You’ve probably heard about yesterday’s tragedy at the U.S. Holocaust Memorial Museum, where security guard Steven Tyrone Johns was killed in the line of duty as he defended visitors from an attack by armed white supremacist fanatic James von Brunn.

Buried in the Washington Post’s coverage of the story, however, is a shocking detail. Johns was a member of the Security, Police, and Fire Professionals of America union (SPFPA), and his union, concerned by increasing anti-Semitic threats, pressed two years ago during contract negotiations with the company that Johns worked for — Wackenhut Services, Inc. — for the company to issue protective vests to the guards they posted at the Holocaust Museum.

Wackenhut chose not to:

“It’s a heavy loss,” said Assane Faye, the Washington district director of the Security, Police and Fire Professionals of America.

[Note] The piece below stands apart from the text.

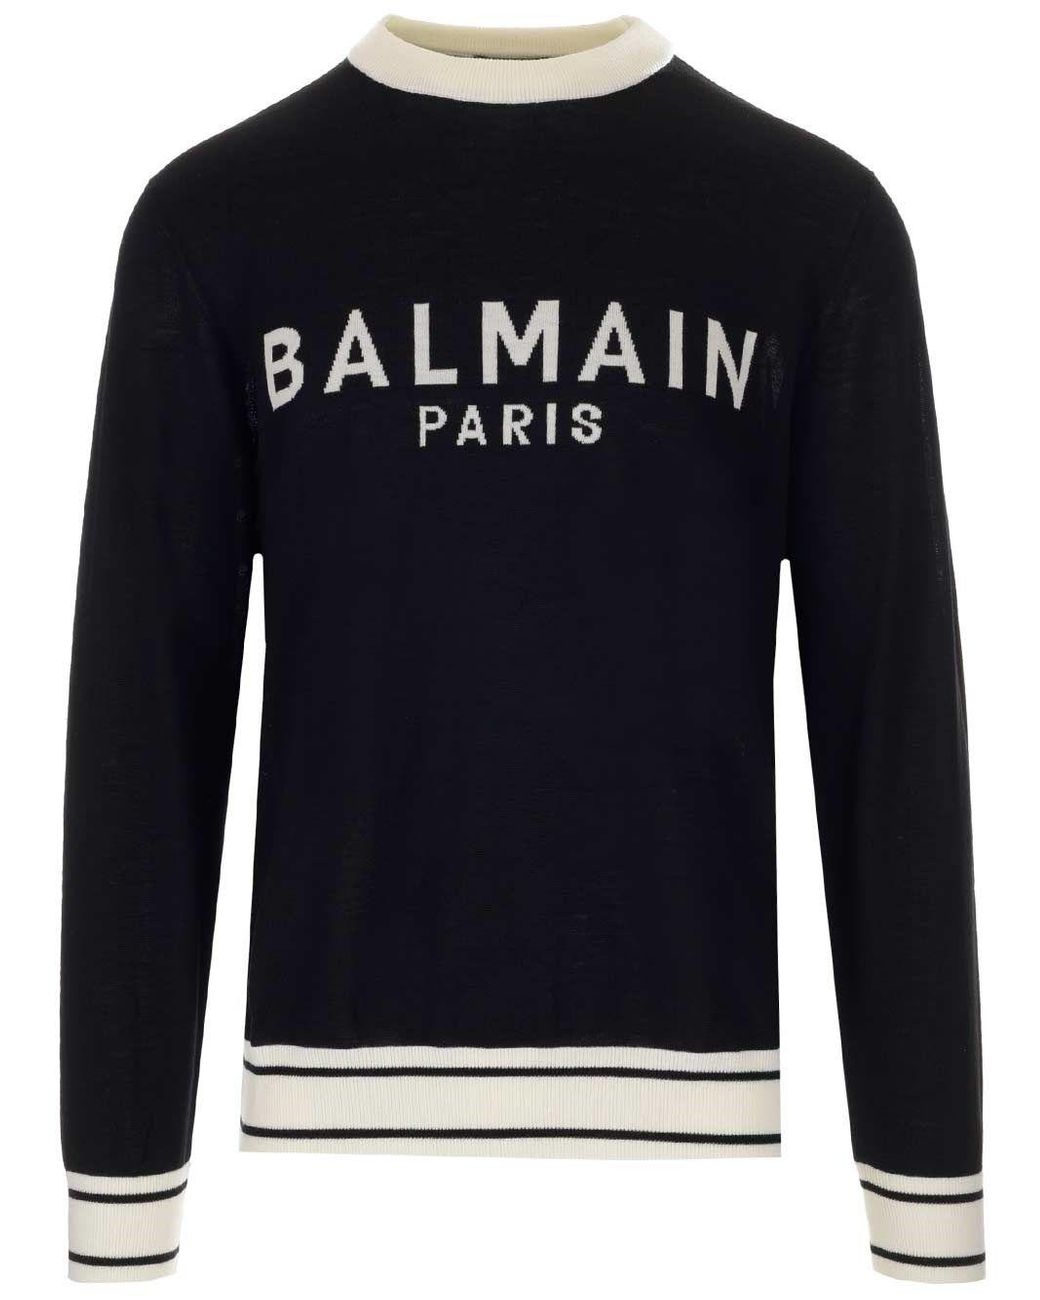 Balmain Wool Sweater in Black for Men - Lyst

Like other guards at the museum, on Raoul Wallenberg Place SW near the Mall, Johns underwent training for which he received the D.C. police designation of “special police officer,” which permitted him to carry a revolver on duty.

Faye said that during contract negotiations with Wackenhut two years ago, the union pressed for company-issued protective vests. Although Wackenhut seemed open to the idea, vests have not been issued, Faye said.

“I hammered this in our negotiations two years ago because of how sensitive that museum is,” he said. “Our guards needed more protection.” He said that one of the guards at the museum was “verbally assaulted by one guy walking by, saying anti-Semitic remarks. For that reason, I made that the center of the negotiation.”

Authorities said Johns was not wearing a protective vest.

Had Wackenhut listened to its workers, Johns might not be dead today. But they didn’t, and he is.

Which provides a grim illustration of why America needs labor law reform. Workers deserve a voice in the decisions that affect their lives — decisions like whether or not their company should spend money to provide them with a workplace that’s as safe as it can be. Without their voice, it’s easy — too easy — for corporate bean-counters to cut corners on safety just to shave a few pennies off the quarterly expense report.

Johns’ case shows just how dramatically the system today is tilted towards corporate interests and against workers — even when workers come to the table with requests that are literally matters of life and death, corporations feel free to ignore them.

That has to end. Nobody knows the risks of a job better than the man or woman who works it every day. We need labor laws that give their voices the weight they deserve, rather than one that shuts those voices out.

(A tip of the CtW Connect hat goes out to ThinkProgress for their coverage of this.)

UPDATE (4:45PM): Marcy Wheeler observes:

This is our third reminder this year that unions do more than fight for middle class wages. They fight for the training that prepares men and women to do their jobs well. They help to ensure the safety of these men and women—and through their work, the safety of all of us.

We got another reminder yesterday of the real dangers presented by home grown right wing terrorism. But we also got another reminder that a lot of the heroes of these stories are union members, working to keep us all safe.